# Logo mit zwei H's



## HaHo (27. Mai 2004)

N'Abend!
Hab mir vorhin mal Gedanken gemacht, wie aus meinen Initialien ( H H ) ein tolles Logo für Briefköpfe oder ähnliches machen kann.

Ein paar Entwürfe sind schon da, aber nichts wirklich atemberaubendes. Und da das hier die creative lounge ist, hab ich mir gedacht, werden bestimmt ein paar kreative Köpfe anwesend sein.

Ich will allerdings auf keinen Fall, dass mir jemand ein Logo bastelt. Hier geht es eher darum, Ideen zu sammeln, welche ich dann realisieren werde.
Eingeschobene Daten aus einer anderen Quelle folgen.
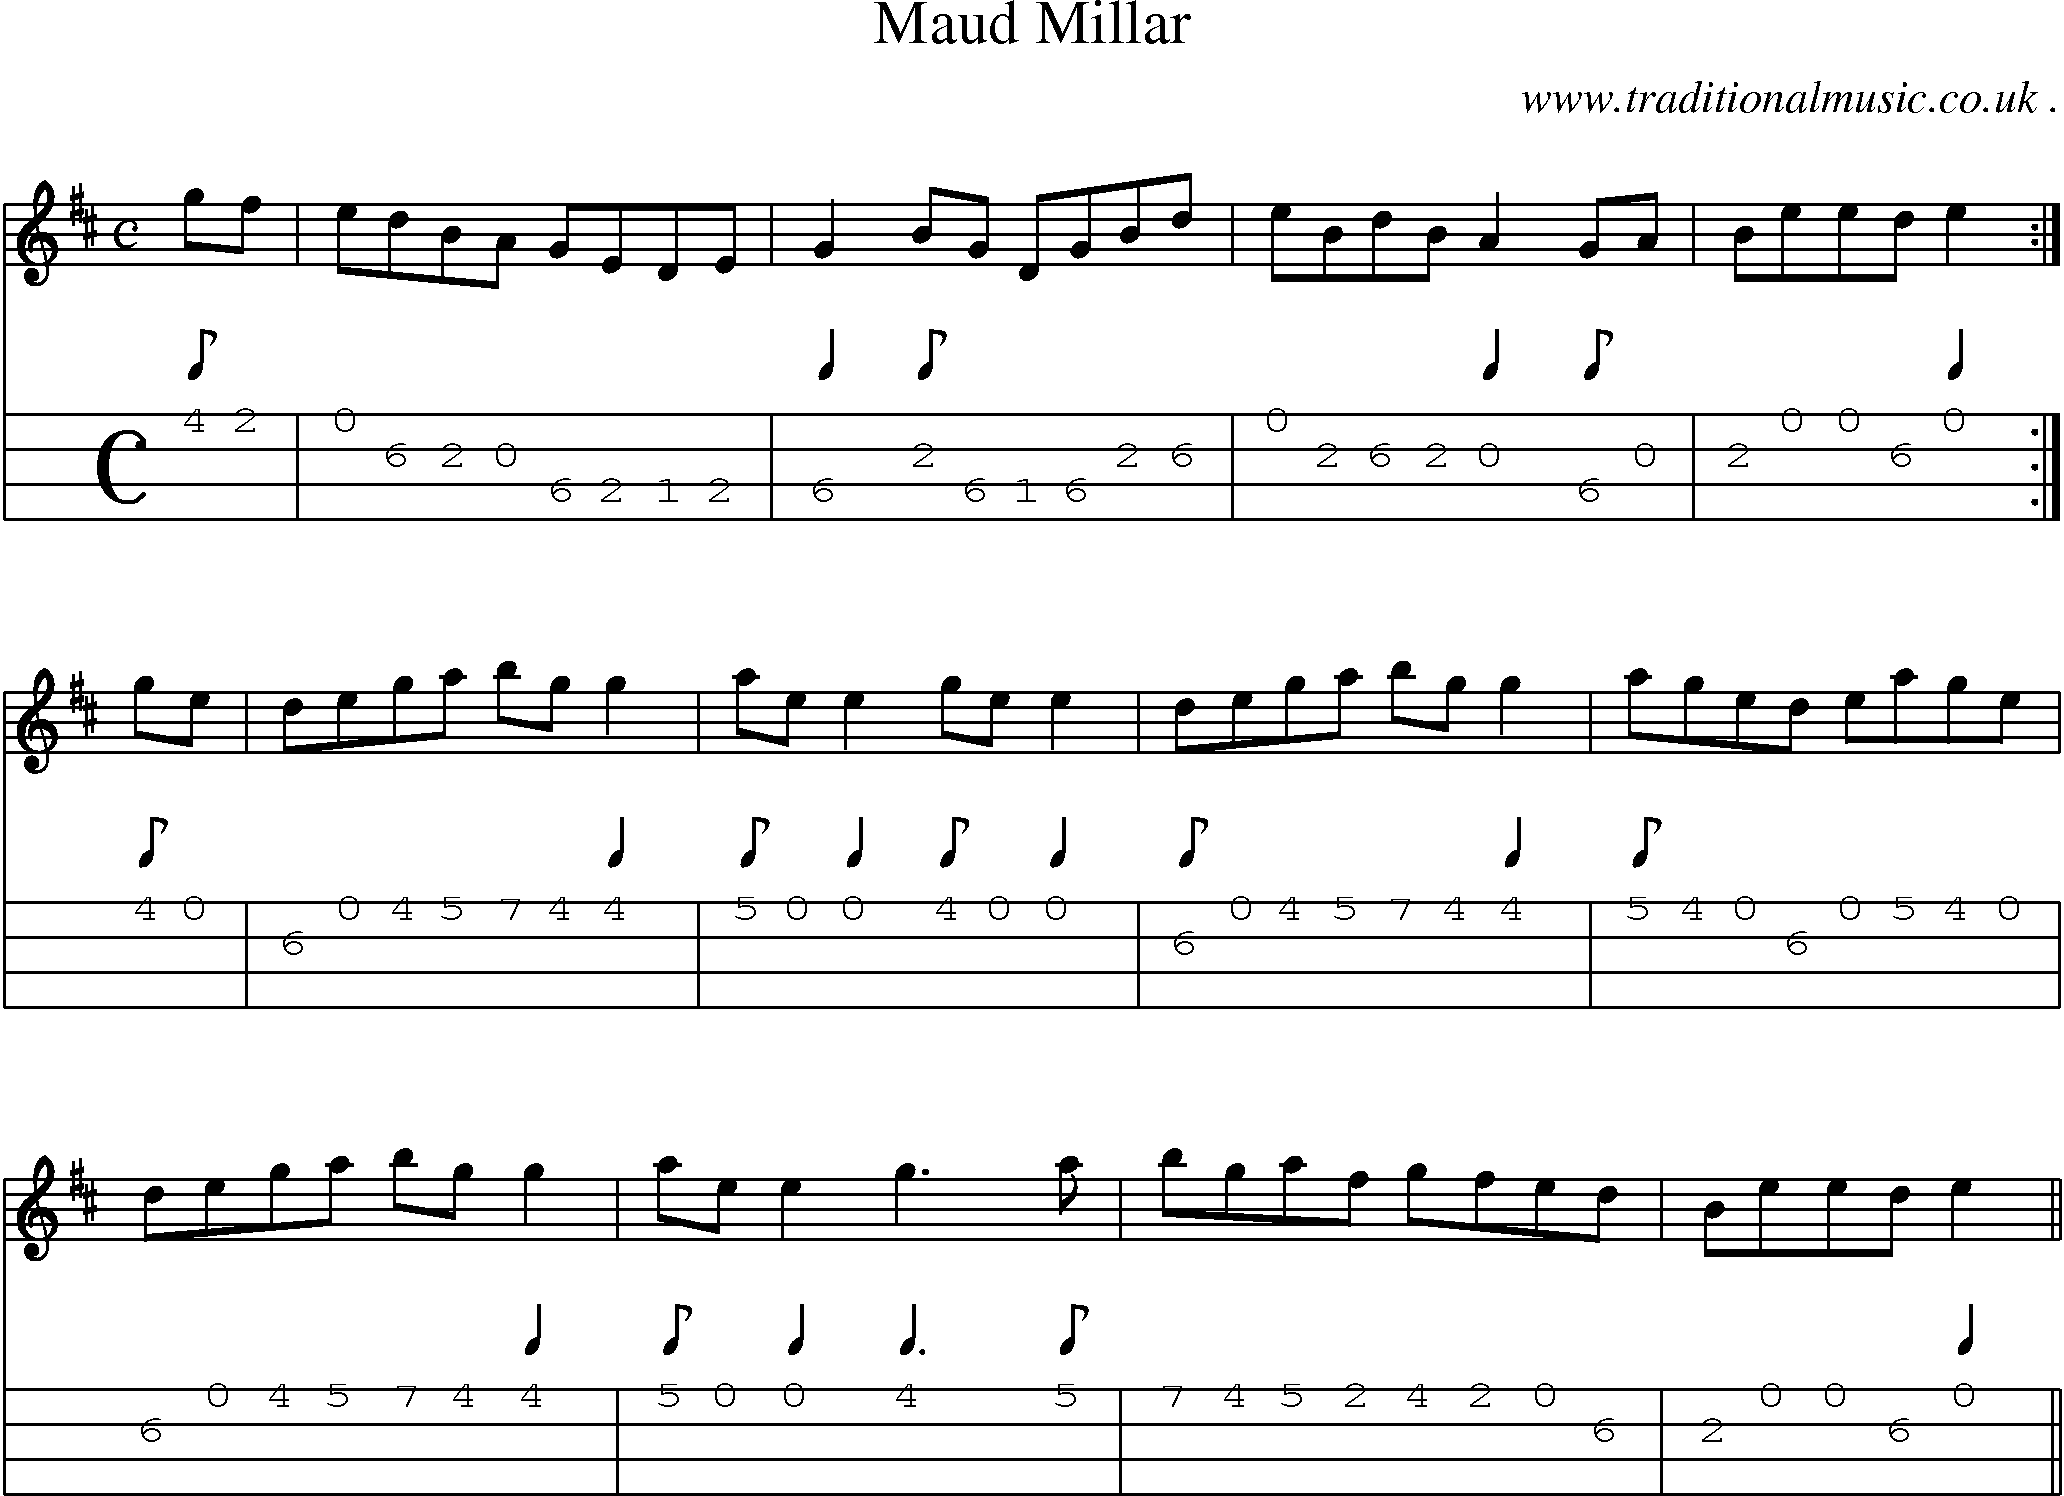 Sheet-Music and Mandolin Tabs for Maud Millar

Kann ja sein, dass einer schonmal ein tolles Logo mit diesen beiden Buchstaben gesehen hat.

Stil des Logos ist eigentlich egal - hatte vorhin Ideen mit Kreisen und Vierecken usw. - bin also für alles offen.

Vielleicht hat der ein oder andere ja Lust mir zu helfen.

Fettes Merci !

HaHo

PS: HaHo anstatt H H wäre auch ok, wenn es die Kreativität erleichtert.


----------



## Satsujinn (28. Mai 2004)

also es wäre hilfreich zuwissen ob das beruflich oder privat sein soll
wenn privat koennte man sachen nehmen die man aus deinem hobbys kennt 
weiss net 
hip hop = grafitti oder so =)


----------



## möp (28. Mai 2004)

H² - is das erste was mir einfällt


----------



## JohannesR (28. Mai 2004)

Ui, mein erster Post in der der CL...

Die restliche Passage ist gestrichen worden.